Exercise objective
Repeat each line of the data below exactly, but skip the pictures.

Supplied material
━━━━━━

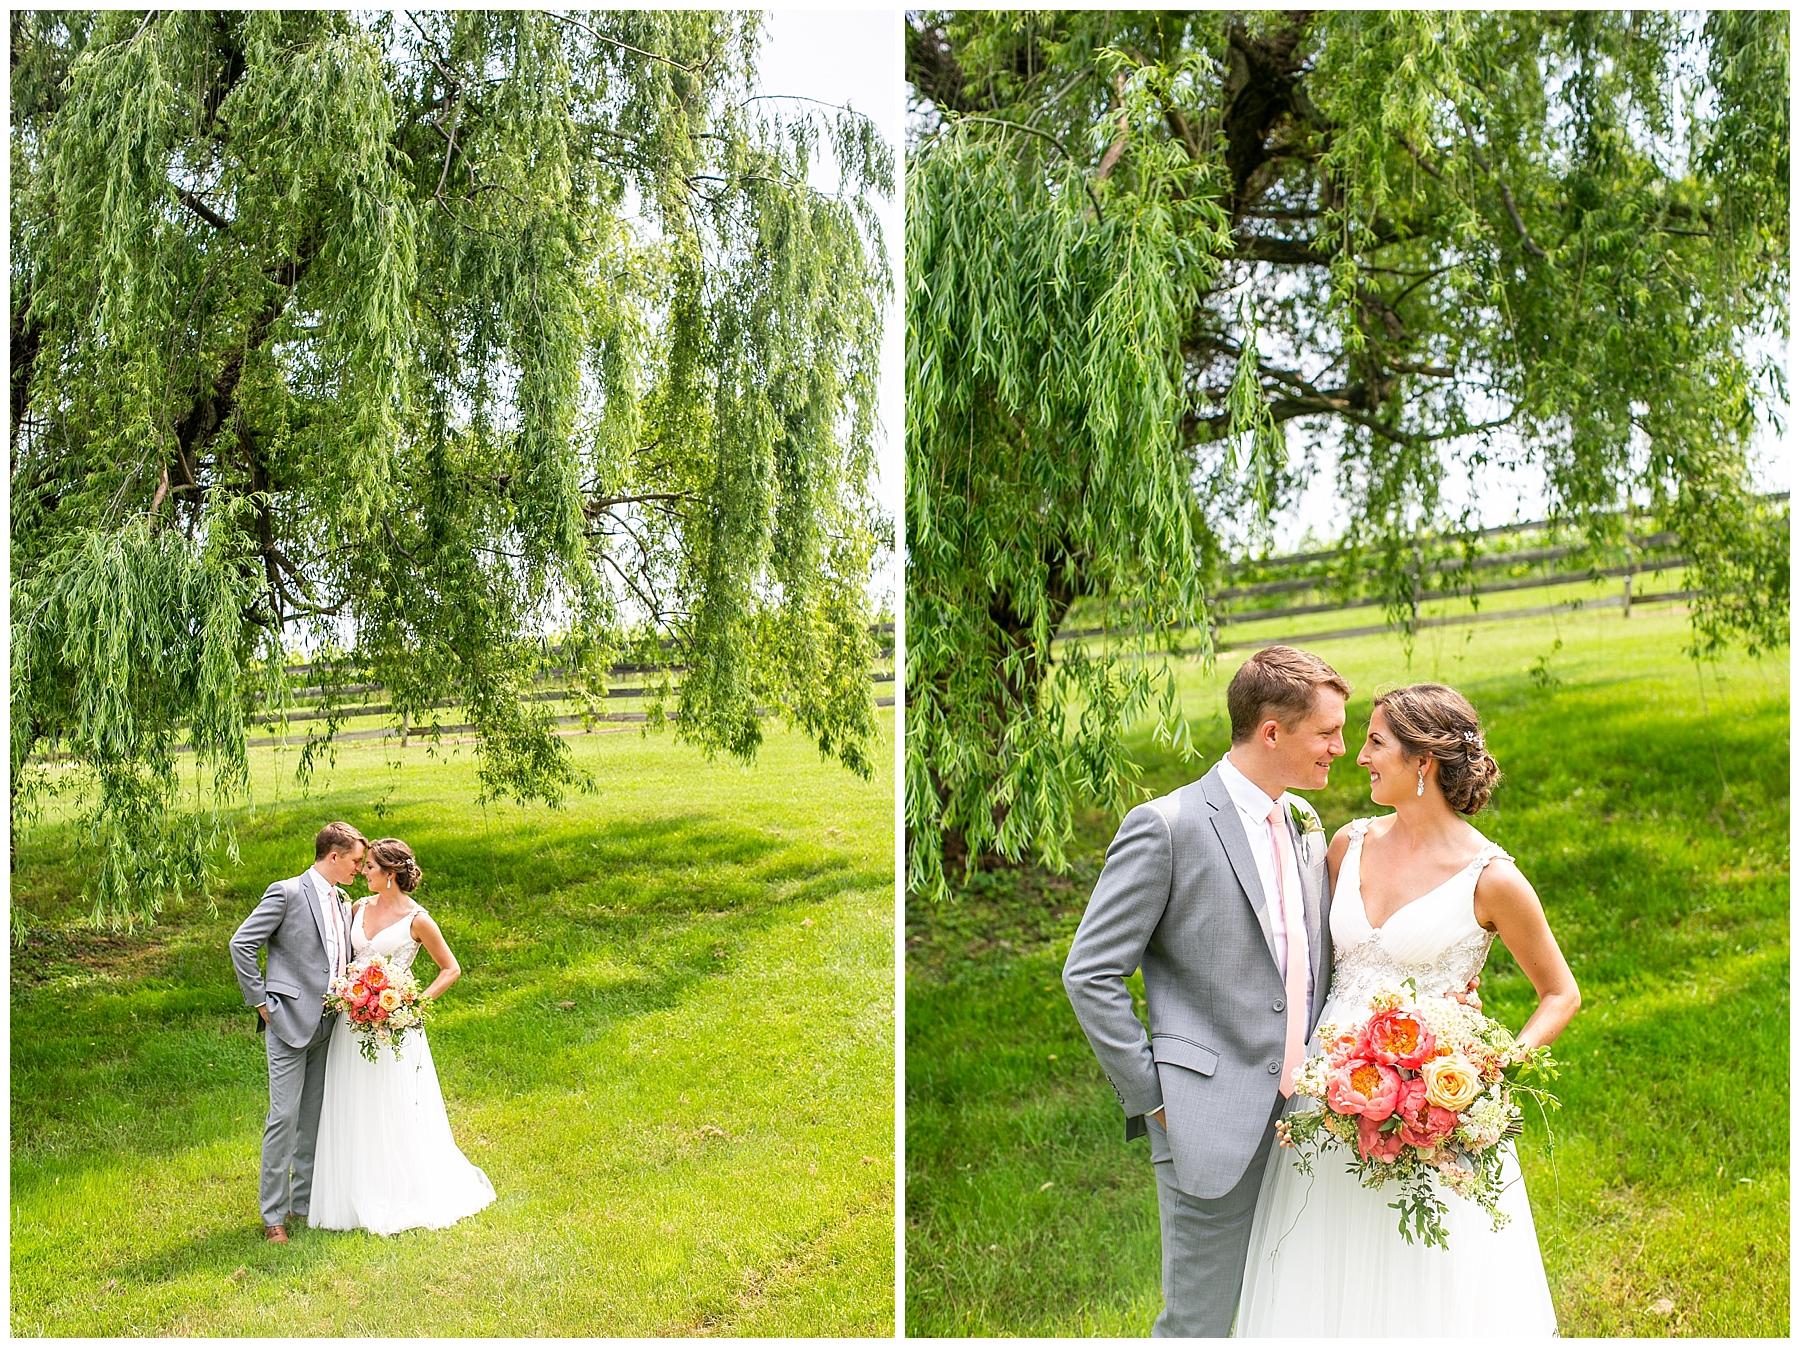 Chelsea Phil Bohemia River Overlook Wedding Living Radiant Photography photos_0054.jpg
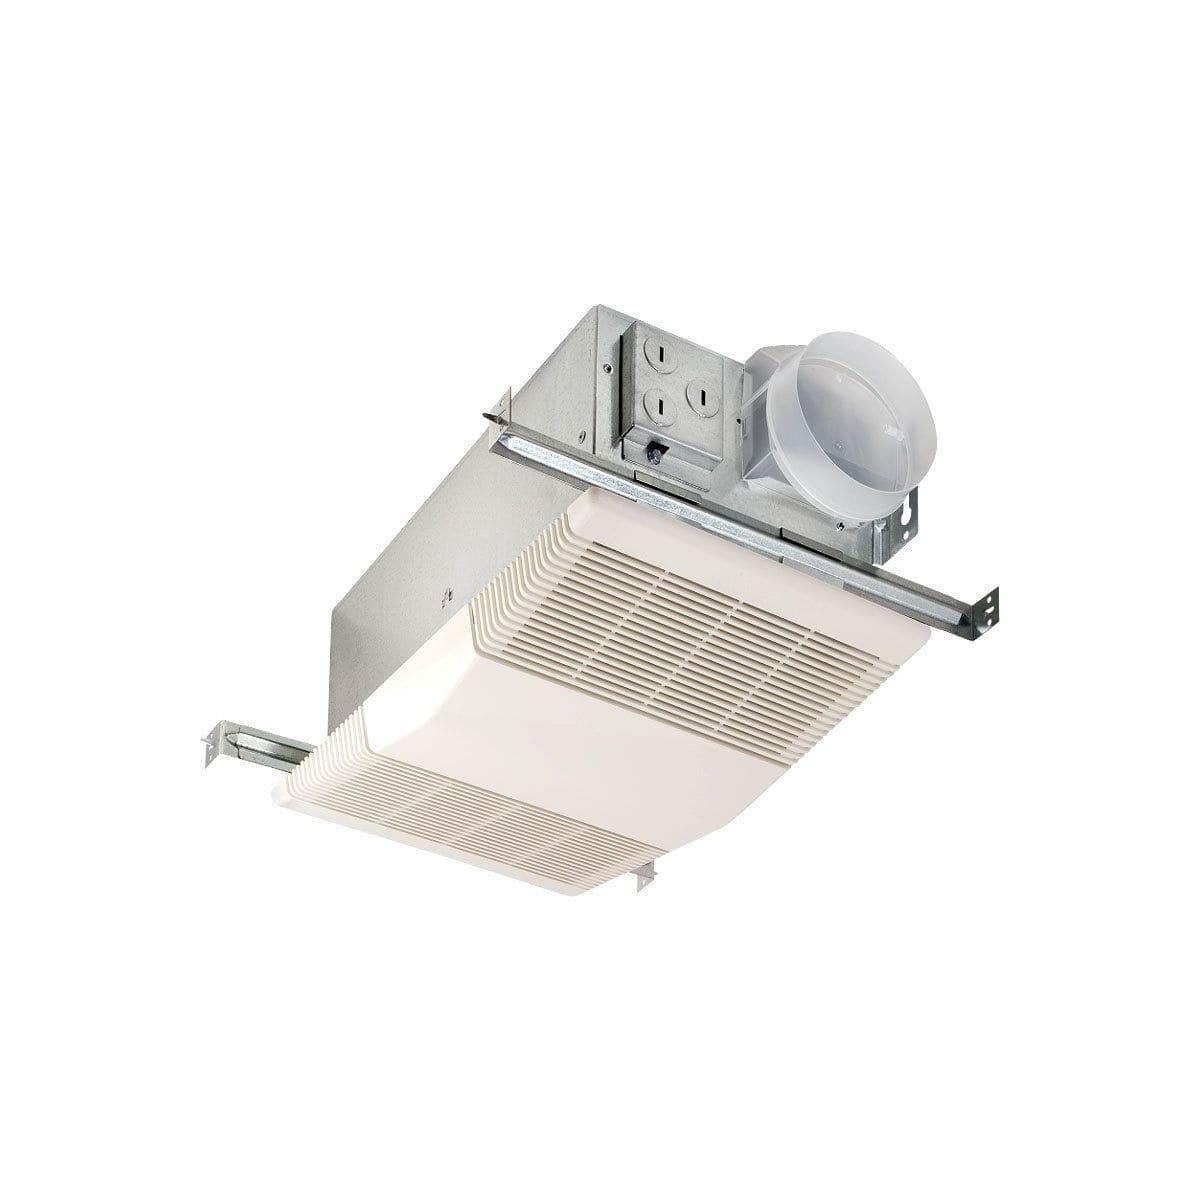 Nutone 605rp 70 Cfm 4 Sone Ceiling, Nutone Bathroom Fans
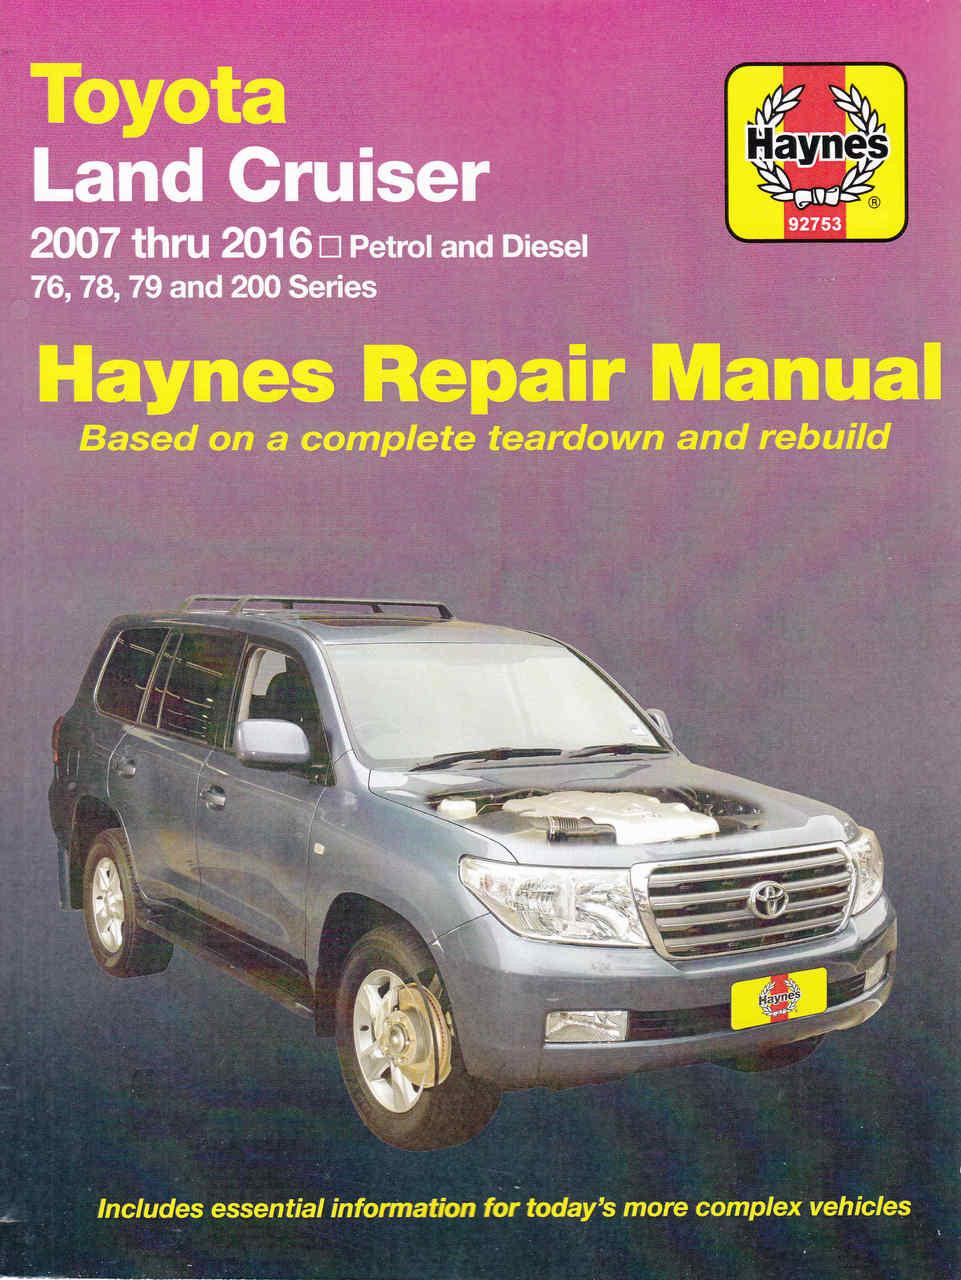 Contec cms 5100 service manual

━━━━━━

Exercise response
 Chelsea Phil Bohemia River Overlook Wedding Living Radiant Photography photos_0054.jpg
 Nutone 605rp 70 Cfm 4 Sone Ceiling, Nutone Bathroom Fans
 Contec cms 5100 service manual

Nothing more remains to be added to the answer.